S3 Hands On

Here I am in Amazon S3:

  • I’m going to go ahead and create a bucket.

  • Now you will notice here that there’s a region selected,which is Europe, Stockholm, eu-north-1.

  • This is because I have the region selection in here. (in your case, it would be the top right corner besides your account name). You can change and choose the region you want to create your bucket in,

Going forward:

  • Now in some regions you may or may not see the bucket type i.e. General Purpose and Directory New.

  • By default, it is autoselected as General Purpose, and for the exam we won’t be asked about Directory New (Usually it is for specific use cases).

  • Next you need to choose a bucket name. Note that if you enter a bucket name that is already taken like tests, you will get an error saying that the bucket name already exists. As studied previously in S3 Overview Section that bucket name must be unique across all regions and all accounts ever created in AWS. So name the bucket accordingly

  • Next for Object Ownership, currently you have ACL disabled, this is recommended, leave it as it is.

  • Next is “blocking public access to this bucket”, again, we’ll leave this enabled. meaning this will block all public access since we need maximum security in our bucket (so only us can upload files into it)

  • Next for bucket versioning, we want to disable bucket versioning right now, and we’ll see later on how to enable it.

  • Next is, Tags –> No Tags is needed

  • Next is Default Encryption –> I’m going to use server-side encryption with Amazon S3 managed key. Meaning all my objects are going to be encrypted. We will talk about Encryption later on.

  • Next is Bucket Key, I will enable it.

As you can see, all the settings are kept default except the bucket name that we had to set. Go ahead and click on Create Bucket.

now the bucket has been successfully created. In the above UI, you will see here all of your buckets, if you have directory enabled, you will also see Directory Buckets. Right now I have none of the directory buckets and have only General Purpose Buckets.

Note that:

  • It will display all of the buckets for all AWS regions, not just the current region right now, but all the regions as shown in the above UI.

  • You can search for the bucket that you have recently created

Let’s explore bucket named stephane-demo-s3-v5, search for it, and click on it:

  • now in my bucket, I would like to start uploading objects because currently you have zero objects.

  • Let’s click on upload, and then we can add files.

Click on upload the file from the directory from your local computer.
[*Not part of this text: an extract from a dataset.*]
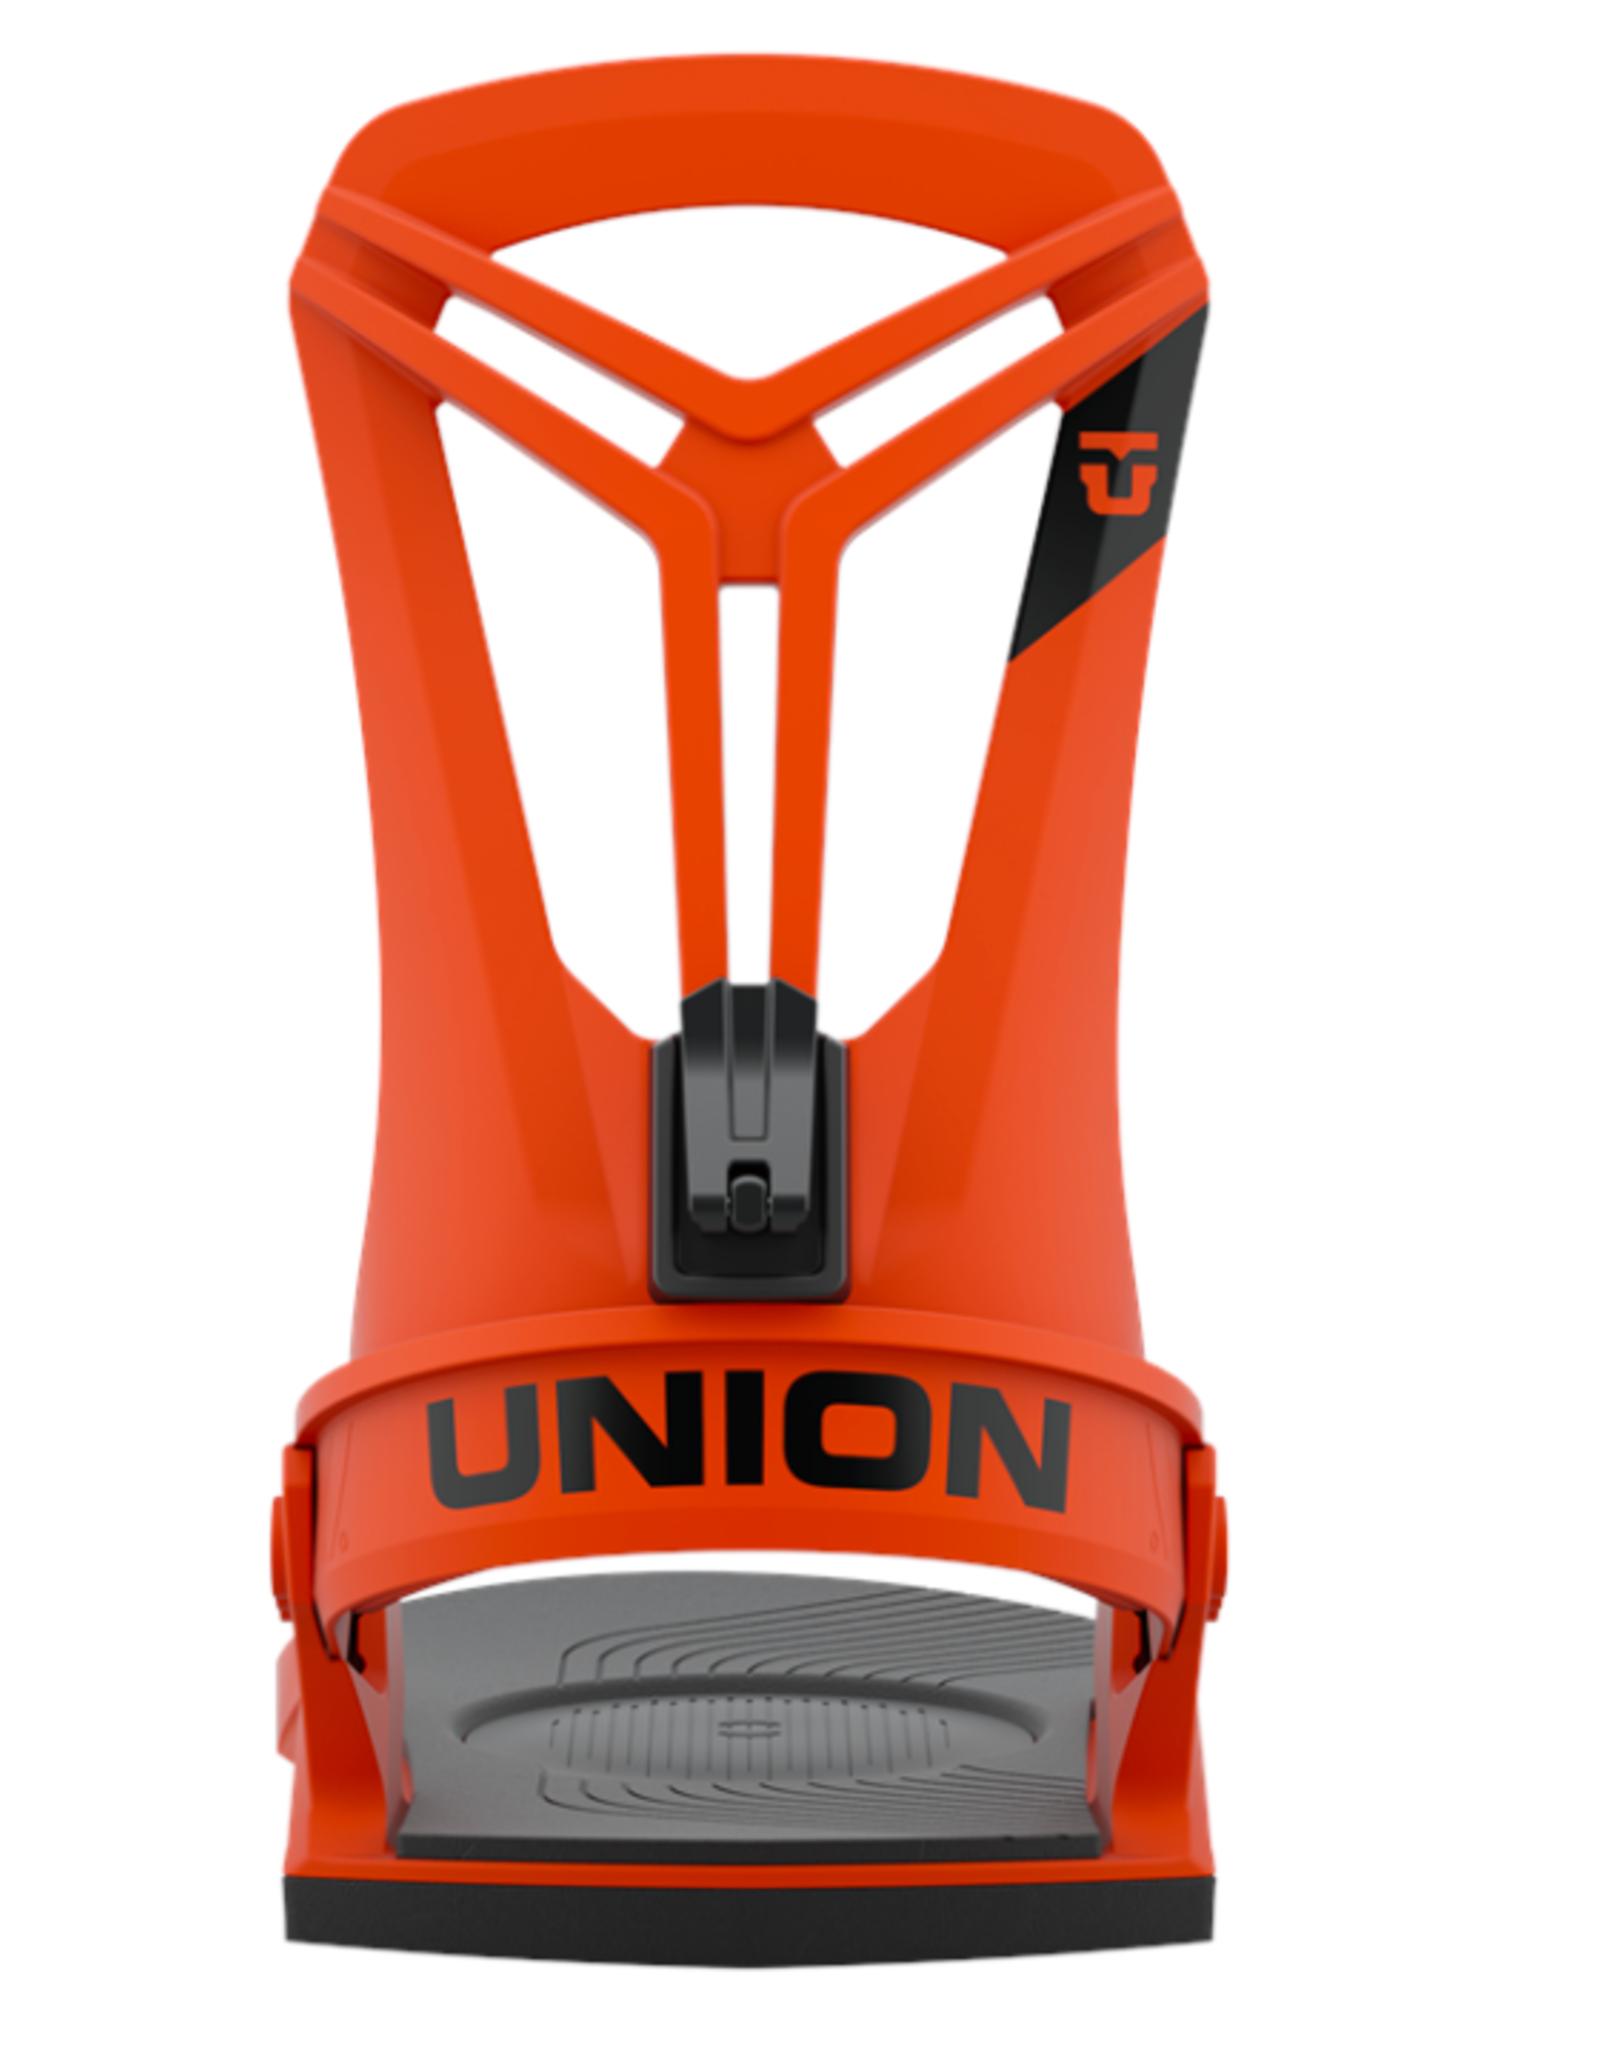 UNION Union Men's Flite Pro Bindings Orange 2022

As a result:

  • As you can see the jpg file, you can click on the object (file), and you will get to know the details of it:

Important things to note here:

  • If you click on Open on top area if you see, you will be able to access the image but if you click on the Object URL, you will not be able to access that (access denied)
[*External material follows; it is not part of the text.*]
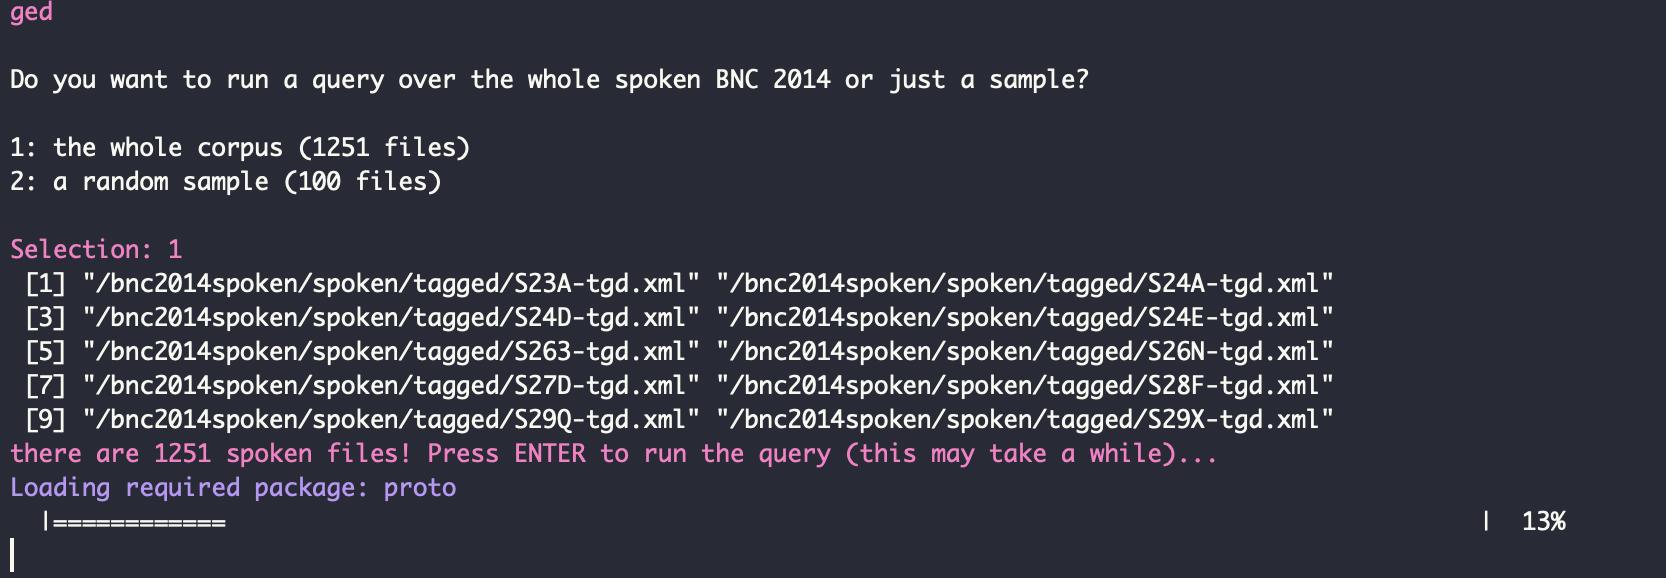 BNC 2014 query()  An interactive R script for a

  • Because it is a public URL, it does not contain encoded presigned credentials of yours with this public URL, when you had accessed the first link, the beginning part of the link was same, the ending part differs since it had presigned S3 credentials of yours in encoded format:

First Link

Second Link

we will see later in the course, how to make public URL accessible

Creating Folders:

  • So let’s go back into our bucket, the stephane-demo-s3:

  • And I have one object, but I can create a folder. Name the folder with the name called images.

  • Scroll down and create this folder.

  • Now I have the images folder in my bucket.

  • Click on images folder, and within it, I can upload again a file and this time, I will upload the beach.jpg file into it.

  • as you can see, the destination is my images folder within my S3 buckets.

  • Upload this and close it.

  • This is more like Google Drive or Dropbox.

  • Note that you can delete the S3 bucket or folder within the bucket, which will delete the files along with it.